Самурай - [2]
Но рано или поздно каждый из нас догадывается, что никогда ни от кого нельзя принимать подарков.
Вот так, чтобы хоть как-то да подвсплыть из-под добра, я и начал марать бумагу, выбрасывая из себя балласт своего молчания. Друзей своих я описывал в дневнике любовно, с оттяжкой, не щадил никого и бил по самому больному:
«Двойники, густая (полужидкая) колбаса, сидели на лавочке и ждали. Они ели сало и были, как сало, стол в саду, белое сало их лиц, склоненных над тарелками, черные воротнички, жидкие лица. Их ноги под столом, жизнь их ног, загибание пальцев, шуршание трущихся коленей, почесывание изогнутых стоп. Потому что они сняли ботинки, сняли туфли и отложили зонты, оставаясь в носках и в просвечивающих миллиметровых колготах на зеленой траве, на зеленой траве.

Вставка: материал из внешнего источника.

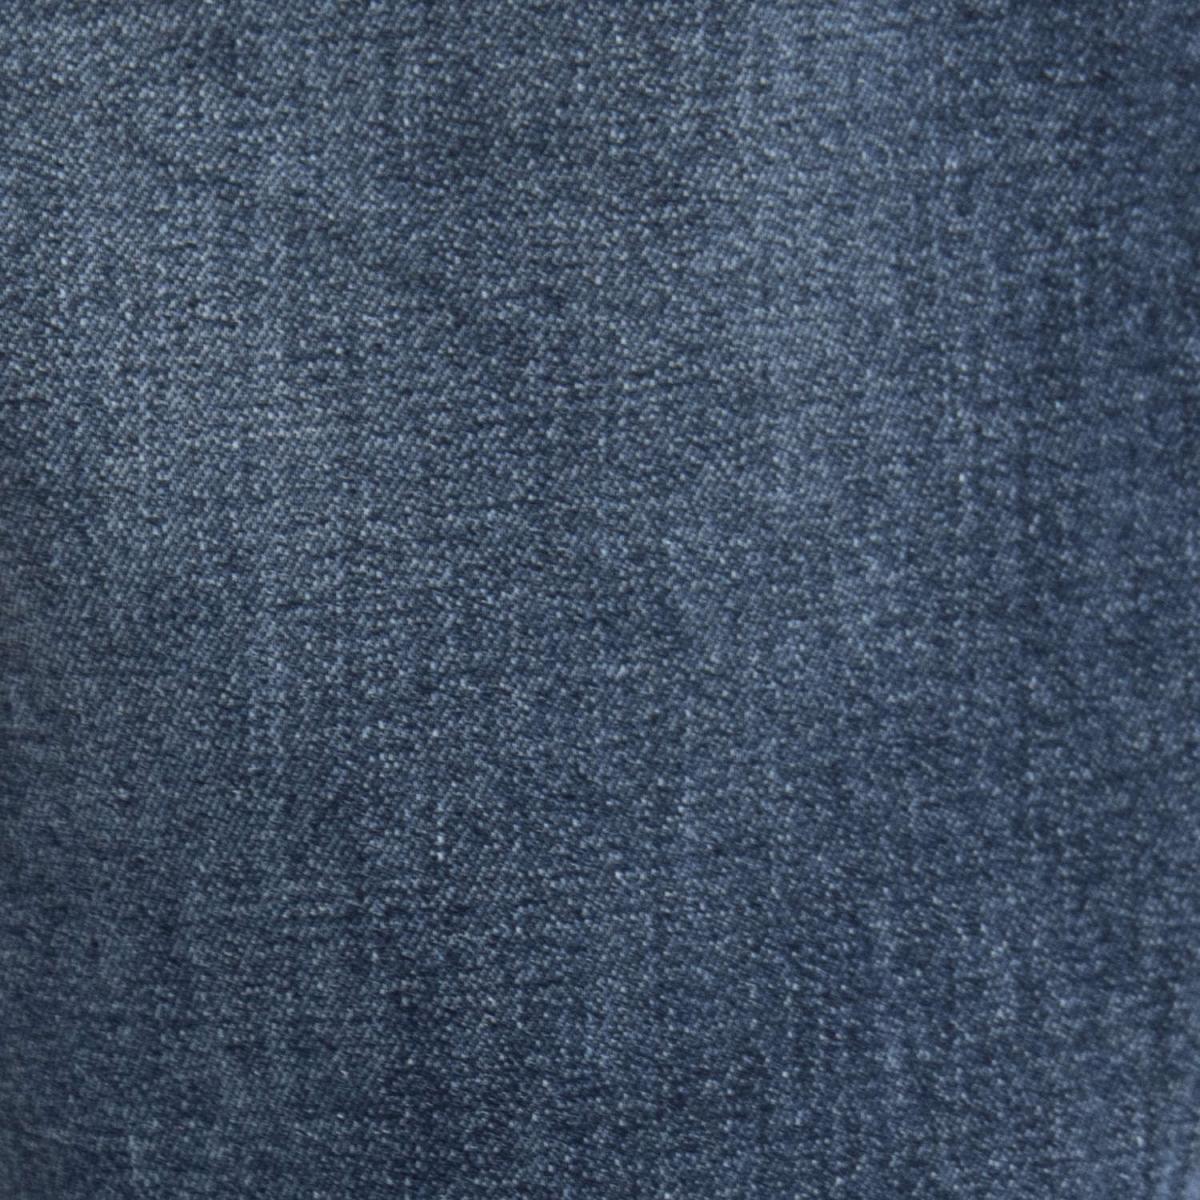 abbigliamento Jeans uomo Jeans slim fit ATM1088-4 LANDEK PARK Cafedelmar Shop

Каждый из них делал ему добро, делал, делал ему добро („Вот тебе! Вот тебе добро!“), за которое он теперь должен был им отомстить.
„Ни себя, ни своих глаз не видят они, – изумлялся он. – Почему?“ Глядя в отверзтые рты, исполненные темноты, изумлялся он в глубине своей муки за них. Или своей к ним любви?
Как веер, разворачивался веер, и на каждой складке было нарисовано лицо.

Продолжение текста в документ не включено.